Note that <BDO and dir= are not necessary for bidirectional text in 
HTML4; the browser is expected to know the natural direction for
every Unicode character which has a unique direction (HTML is always
Unicode from an internal processing point of view) and to honour Unicode
direction overrides.  It is probably desirable to have dir= on the HTML
tag to allow for direction neutral characters (it is also reccommended
to have lang=, but I never see it!)

BDO is only needed for material where characters of well defined 
directionality violate the Unicode rules.

The point here is that most of the complexity arises from bi-directional
text, not from the associated HTML elements and attributes.

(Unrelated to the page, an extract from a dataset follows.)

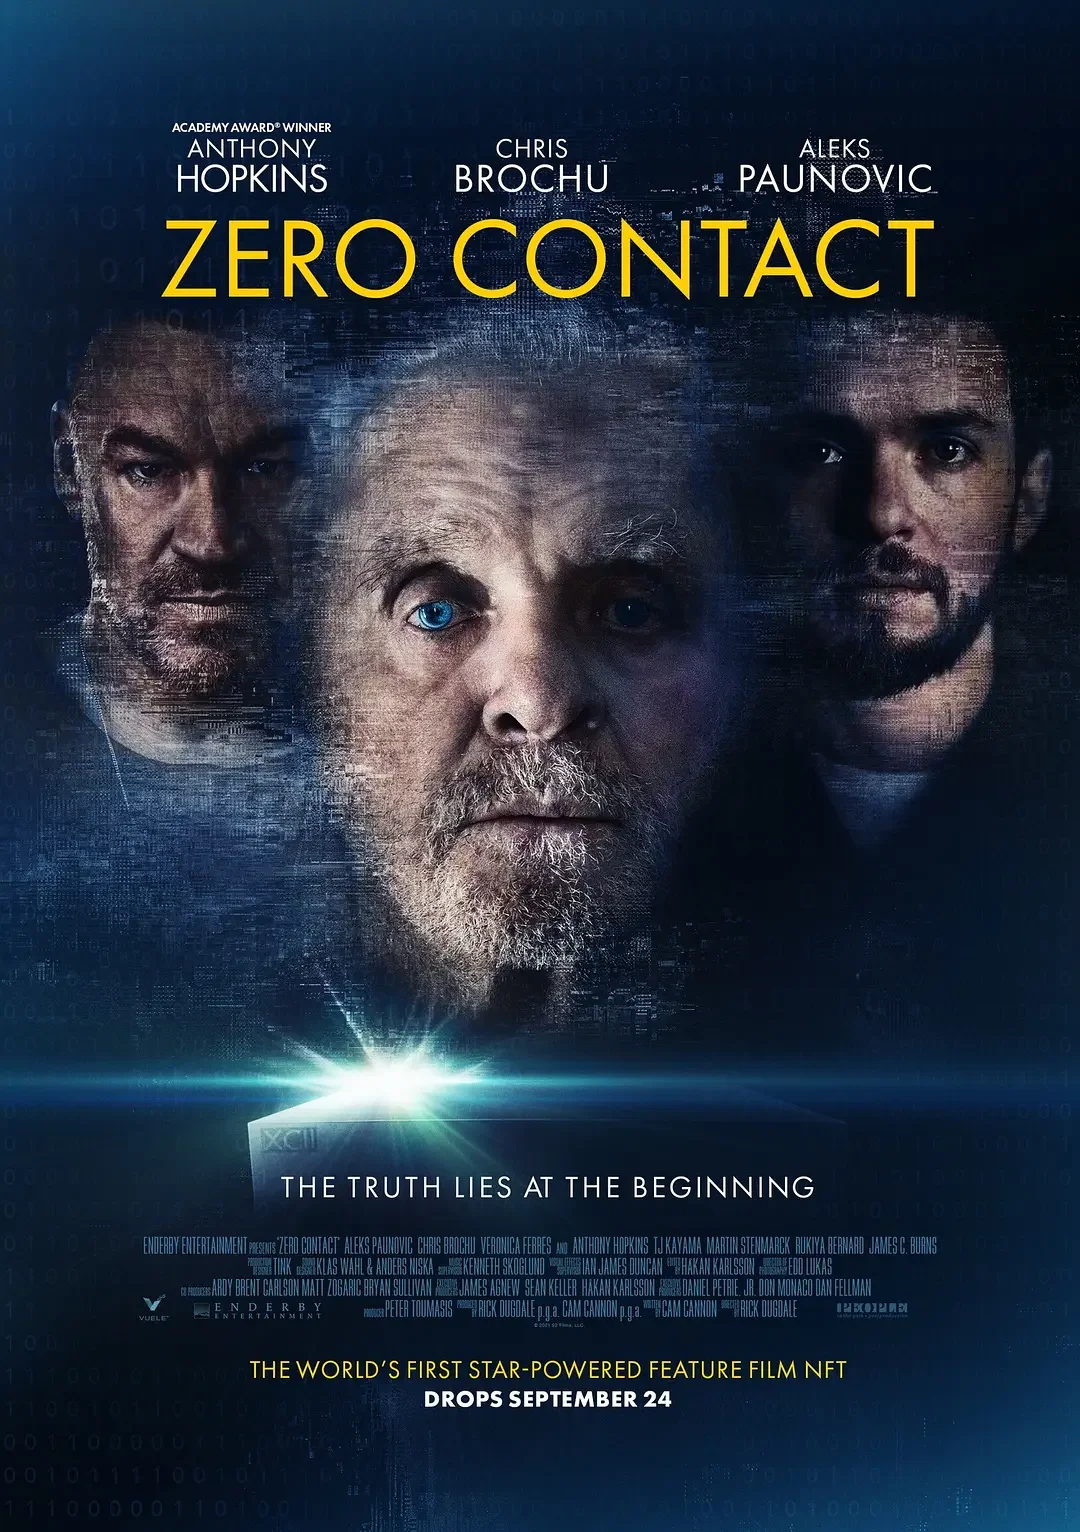 Anthony Hopkins' new film "Zero Contact‎" Releases Official Trailer, which opens in select theaters in Northern America on May 27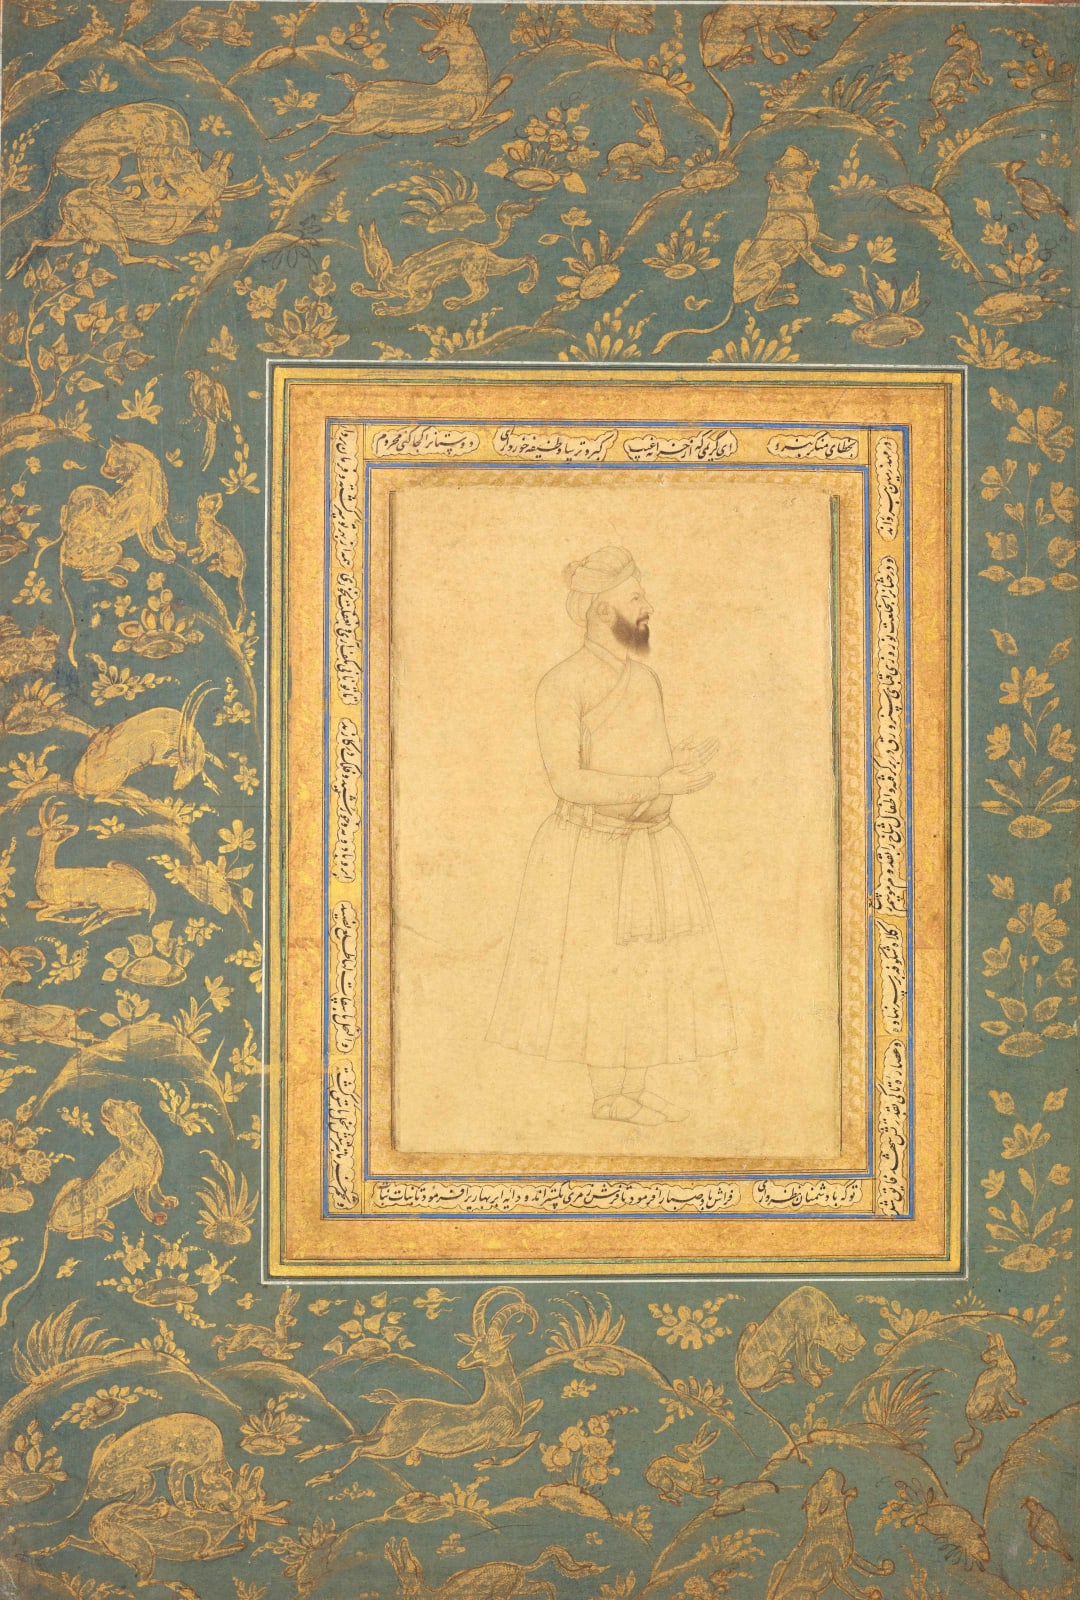 A Mughal Courtier, Imperial Mughal, c. 1660

> 3. What about Unicode? Is there any program to support it somehow and in
> some way?

That's nebulous.  Windows NT supports Unicode, but the UK version won't
display Hebrew characters.  Lynx supports it internally and might even
drive a Unicode terminal, but Unicdode terminals with the full character
set are rare.  (Linux can be put into Unicode mode, but can only display
the subset corresponding to the loaded code page; I don't think that
it does BIDI.)

Actually, in spite of the lack of BIDI, Lynx's support of non-Western
European character sets was strong before this became an issue with the
GUI browsers; one of the prime movers appears to have greek ancestry,
there is a significant contributor to the list from the CIS and
there is a native English speaker living in Japan and using Lynx for
Japanese pages.  Although one person on the list for a long time had
an Indian name, there seems to be no interest in Indic scripts, and
I'm not aware of anyone interested in Korean, Arabic, Hebrew, or to
the extent that it is not covered by Japanese support, Chinese.